(Records provided)
****************************************

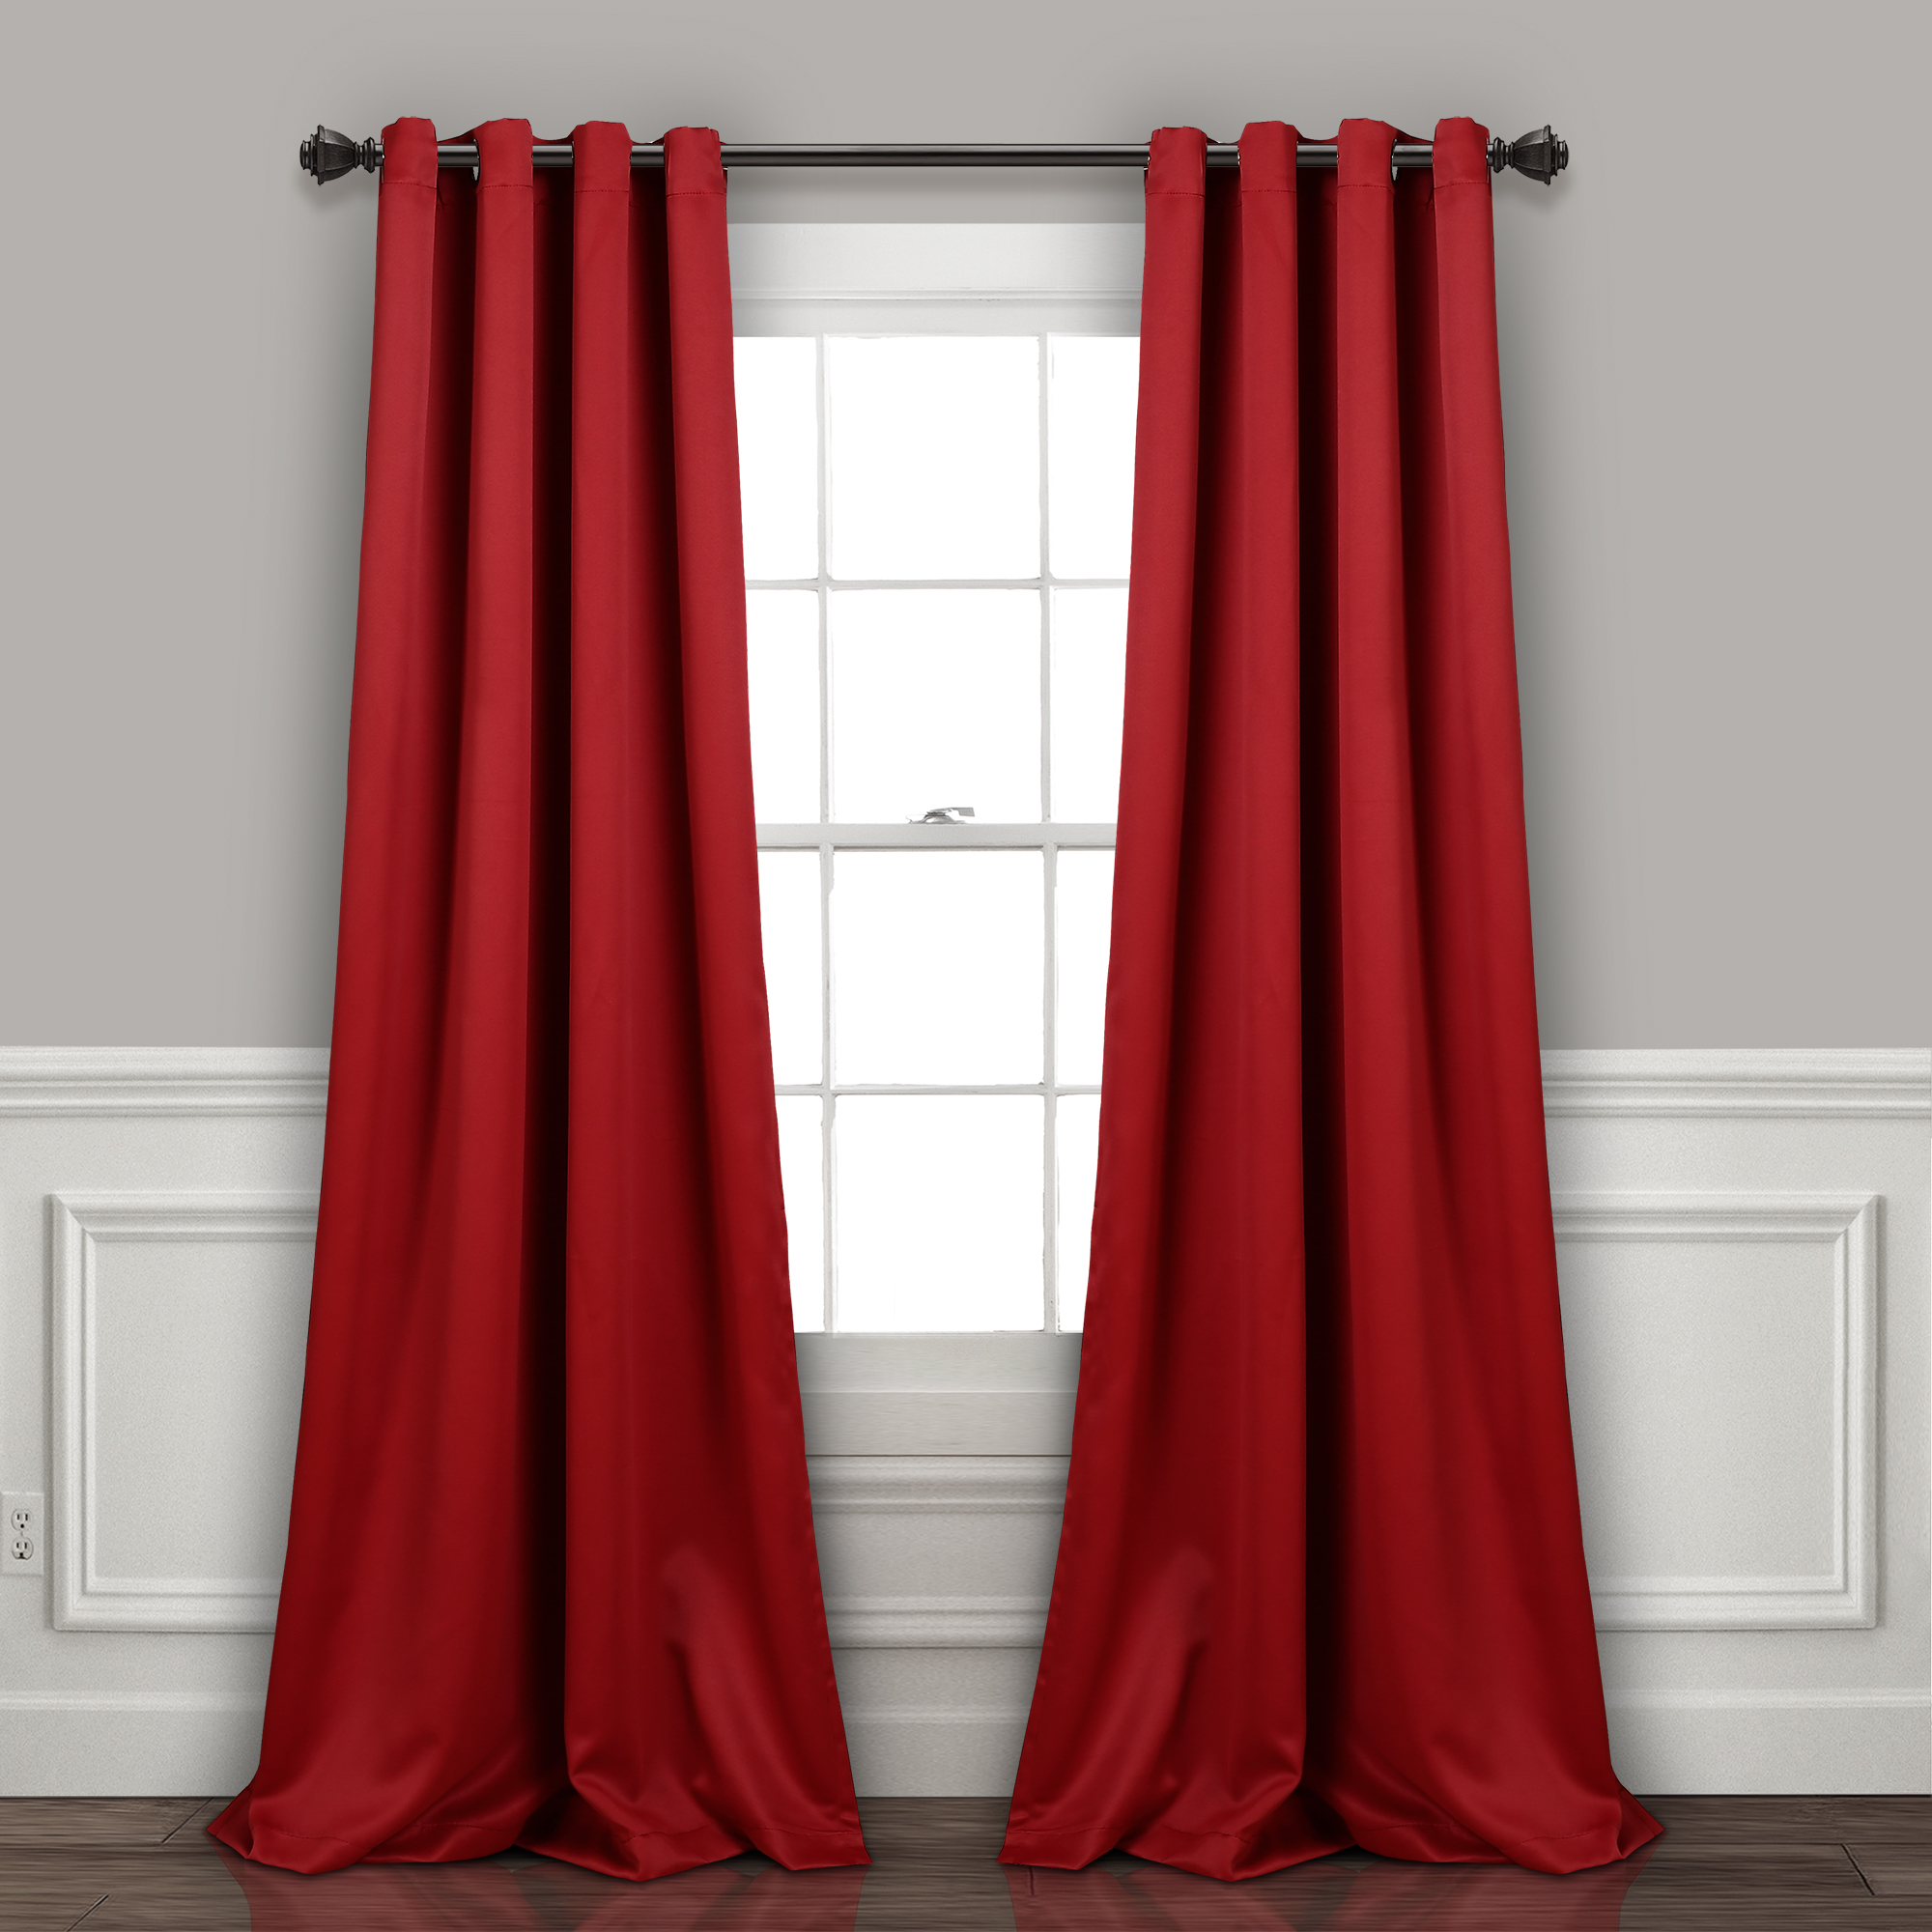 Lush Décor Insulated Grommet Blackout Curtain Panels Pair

****************************************

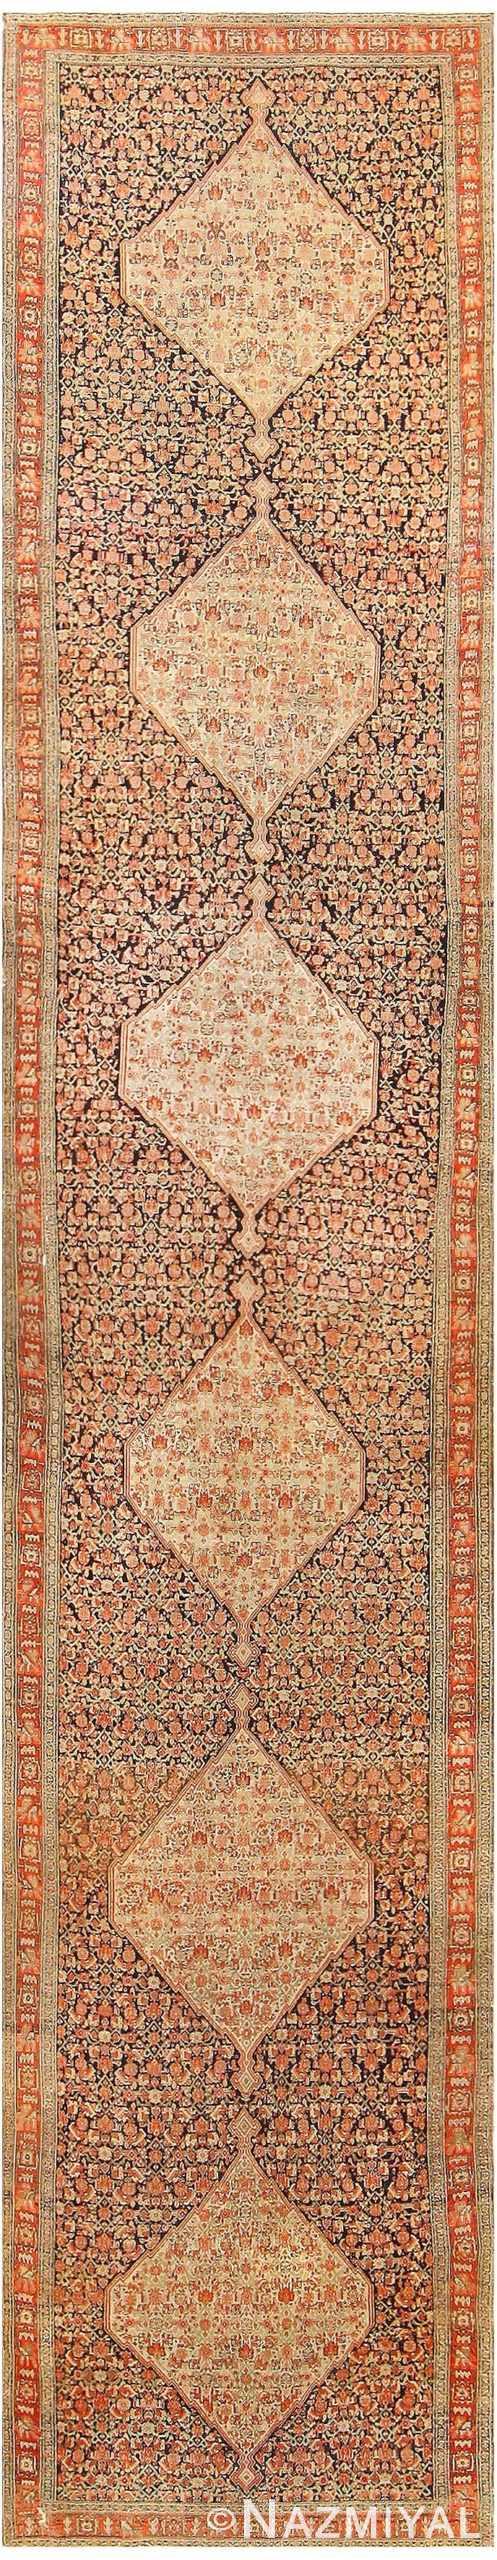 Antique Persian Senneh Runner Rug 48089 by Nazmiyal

****************************************

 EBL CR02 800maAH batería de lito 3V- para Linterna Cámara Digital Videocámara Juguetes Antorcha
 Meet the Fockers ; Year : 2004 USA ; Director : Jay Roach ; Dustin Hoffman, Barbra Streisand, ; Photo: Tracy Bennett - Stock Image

****************************************

Where the data above reaches the line holding "EBL CR02 800maAH", begin printing, and stop after the line holding "Meet the Fockers". Each line must be reproduced exactly, with nothing else added.

(Written answer)
 EBL CR02 800maAH batería de lito 3V- para Linterna Cámara Digital Videocámara Juguetes Antorcha
 Meet the Fockers ; Year : 2004 USA ; Director : Jay Roach ; Dustin Hoffman, Barbra Streisand, ; Photo: Tracy Bennett - Stock Image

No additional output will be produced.